DIGITAL SIGNAL PROCESSORS

Mukesh. C. Motwani

Department of Electronics

Vishwakarma Institute of Technology,Pune 411037

01/99

INTRODUCTION:

We live in a digital world. Digital signal Processing(DSP) technology is nowadays common place in devices such as mobile phones, multimedia computers, video recorders, CD players, hard disc drive controllers and modems, and will soon replace analog circuitry in commercial TV sets and telephones. An important application of DSP is in signal compression and decompression.
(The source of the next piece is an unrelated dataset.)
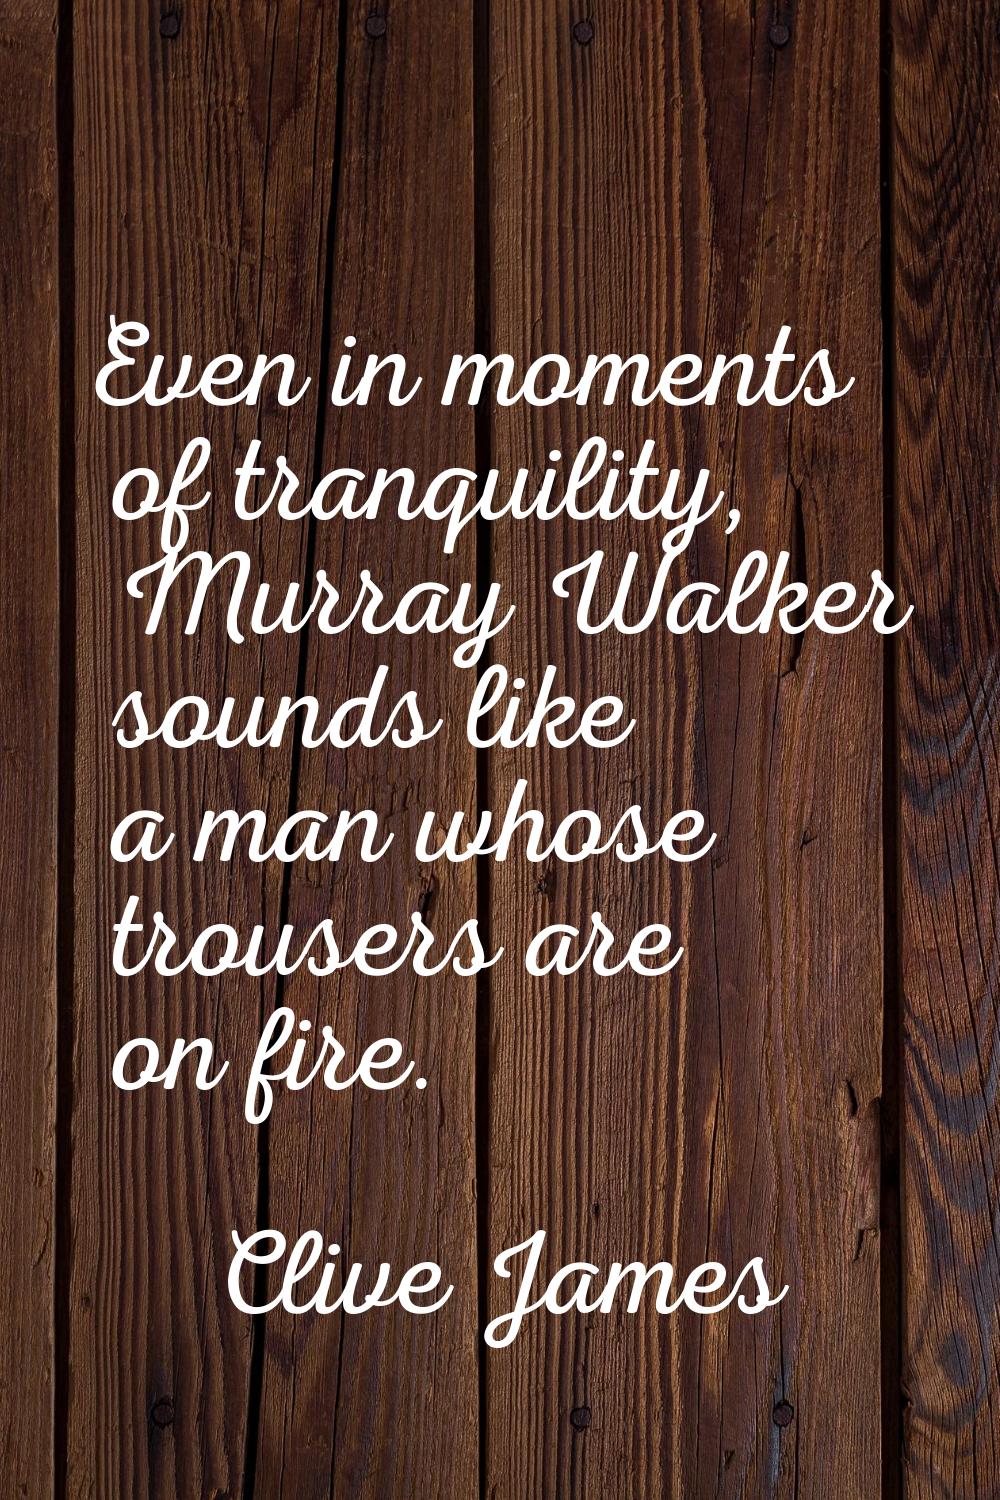 Even in moments of tranquility, Murray Walker sounds like a man whose trousers are on fire.
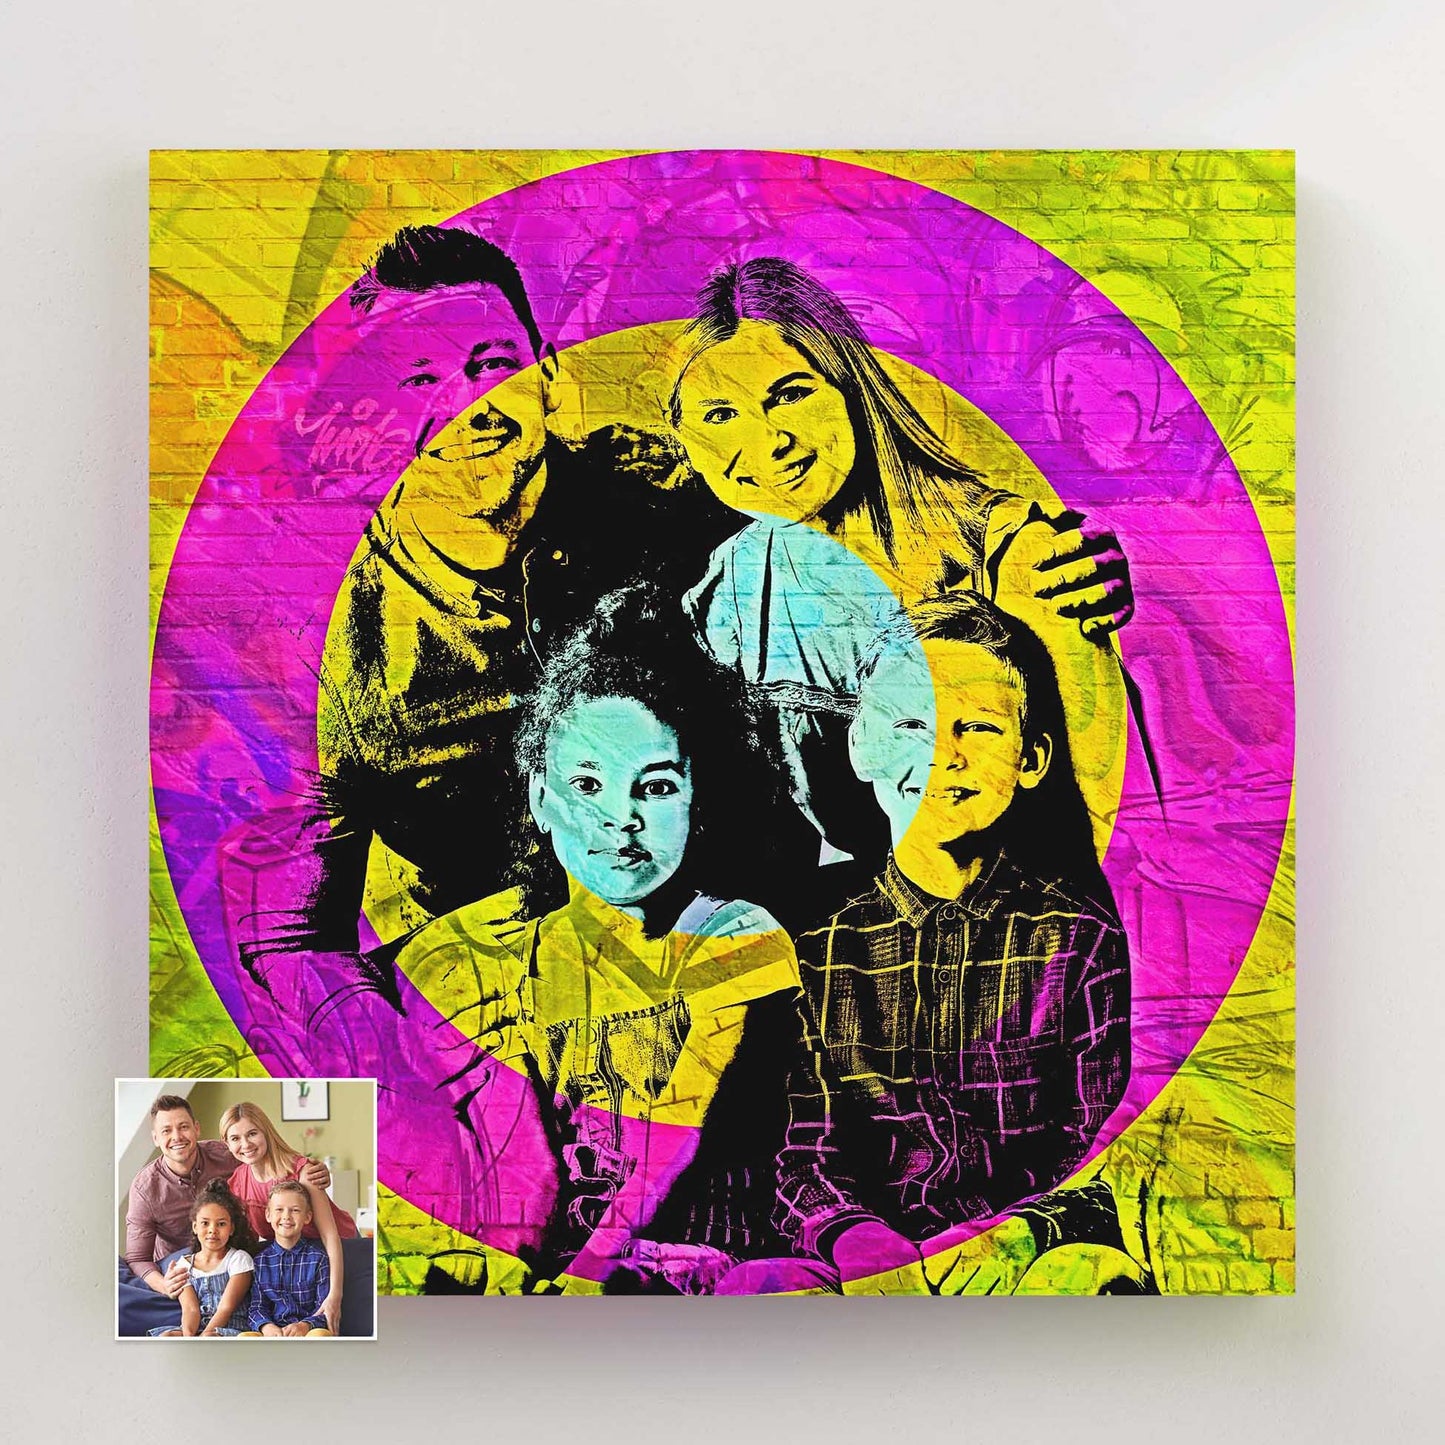 Make a bold statement with our Personalised Graffiti Street Art Canvas. Its urban, fun, and colorful designs create an atmosphere of excitement and creativity. Handcrafted on woven canvas and printed from your photo

The development of DSP dates from the 1960's with the use of mainframe digital computers for number-crunching applications. These

techniques were not widely used at that time, because suitable computing

equipment was available only in universities and other scientific research institutions. A revolution began in the late 70's due to the introduction of

a device called the Digital Signal Processor. The digital signal processor is

a digital electronic device that plays a heavy emphasis on performing the

most fundamental DSP operation, namely multiply-accumulate at high

speeds. General-purpose microprocessors such as the Intel x86 family are not ideally suited to the numerically-intensive requirements of DSP, and

during the 1980's the increasing importance of DSP led several major

electronics manufacturers such as Texas Instruments, Analog Devices and

Motorola to develop Digital Signal Processor chips - specialized

microprocessors with architectures designed specifically for the types

of operations required in DSP.

Like a general-purpose microprocessor, a DSP chip is a programmable device, with its own native instruction code. DSP chips are capable of carrying out millions of floating point operations per second, and faster and more powerful versions are continually being introduced. Thus, this technological revolution continues today & has become a primary force in making DSP an important commercial technology. The future of DSP is in some sense limited only by human creativity & our ability to successfully apply DSP to original problems!

DIGITAL SIGNAL PROCESSORS

Digital Signal Processing(DSP) is, essentially, the application of mathematical operations to a series of digital samples representing physical world signals such as audio waves, or complex CAT-scan sensor samples.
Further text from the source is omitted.